Be strong, maybe split a trap, that kid did that like 25 times, like you’d teach in a clinic. He did that against some big guys. He didn’t get stripped and he made the safe pass.
Pinkney was the nation’s top assist-to-turnover ratio guy for most of the year. They’re used to that kind of style, so I don’t think it really affected him.
West Virginia likes to run these high-post sets where they try to bury you. But they couldn’t complete the high-post pass. Guys were stripping them from behind. They couldn’t even get into that stuff. So I felt like West Virginia needed to go to something different, and I don’t think they had the guards to do that. That’s what you need against these guys.
Stephen F. Austin has really taken defense to a high level. Their opponents have 383 assists and 618 turnovers. You never see that. It’s unbelievable. I know the competition and what it is. But that’s impressive.
I talked to an assistant in their league and (SFA) has taken it to another level as the year has gone on because they get some JUCO guys who can rotate and get there. It’s one thing when you can really pressure the ball and you can deny and all that stuff, but a lot of times you give up layups because your rotations are bad. Their rotations are very good.

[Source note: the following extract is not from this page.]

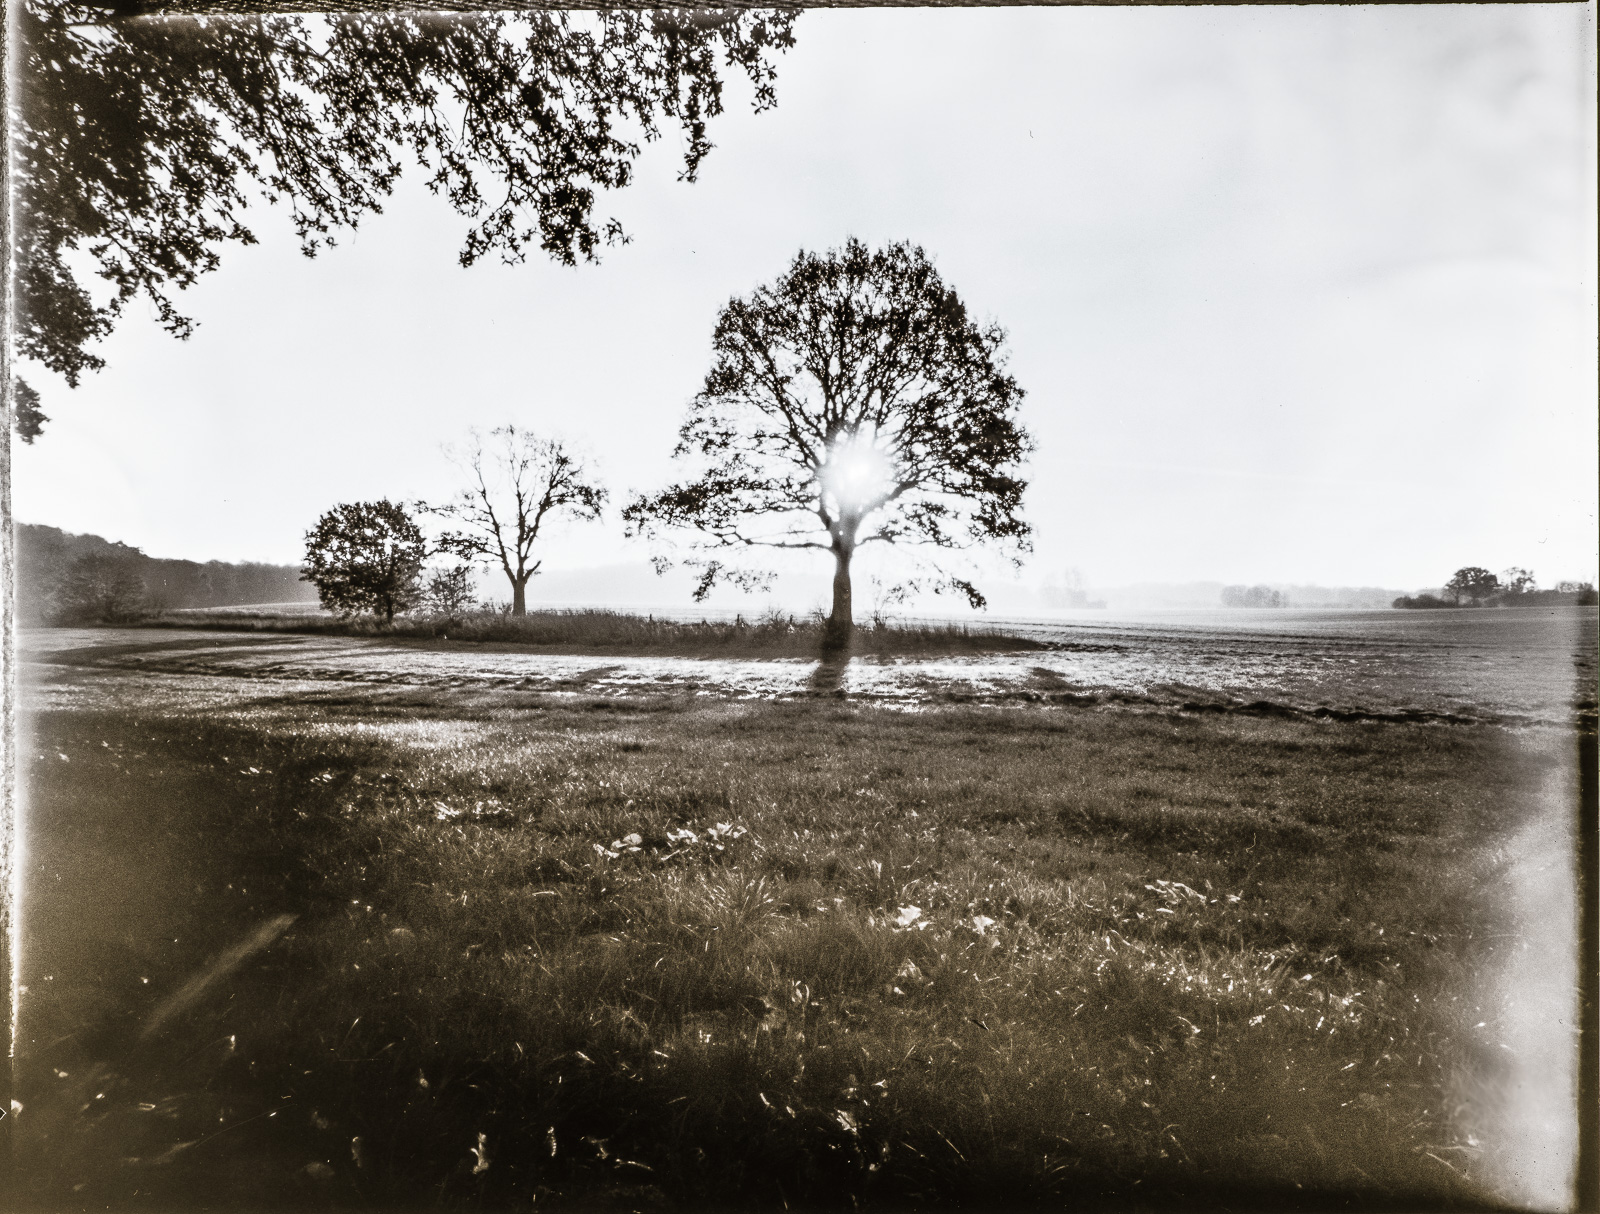 Ein Baum auf einer Wiese, dahinter steht die MorgenSonne und strahlt zwischen den Ästen durch. Links oben überhängende Blätter eines anderen Baums. Das Foto ist schwarz-weiß und etwas diffus-unscharf, weil es mit einer Lochkamera aufgenommen wurde.

Thomas Walkup is the two-time player of the year in the Southland Conference, and any time you do that, I don’t care what league you’re in, you’re a terrific player.
I thought he was the toughest guy on the court in the West Virginia game. He came up with every loose ball. What makes him unique is he plays the four-spot for them, but he also handles the ball a lot, he leads the break, and he’s a very smart basketball player.
For a guy who’s been the two-time conference player of the year, he’s not a pig. He goes out there and gets the other guys shots. He’s very unselfish. He’s got great footwork.
They put him in a lot of situations in their offense where he’s isolated. He has great footwork on his shot fakes. He got to the line 20 times against West Virginia (making 19). We’ve got to be very disciplined in our (defensive) stance. He’s not the greatest three-point shooter in the world, so we’ve got to play him as a driver first.
The other thing that was very impressive, especially against West Virginia, which is one of the leading rebounding teams in the country, is that he doesn’t accept any block-outs. We’ll probably have one of our wing guys, probably Steve Vasturia, matchup on him. We have to make sure we get a physical block-out on him.
Steve’s got to guard him, but we’ve got to switch it up a little bit, too. When (Rex) Pflueger comes in and we need to give Steve a break, Pflueger can do that job. I thought Pflueger did a great job for us defensively in the second half against Michigan. We’ll likely need him to do that again.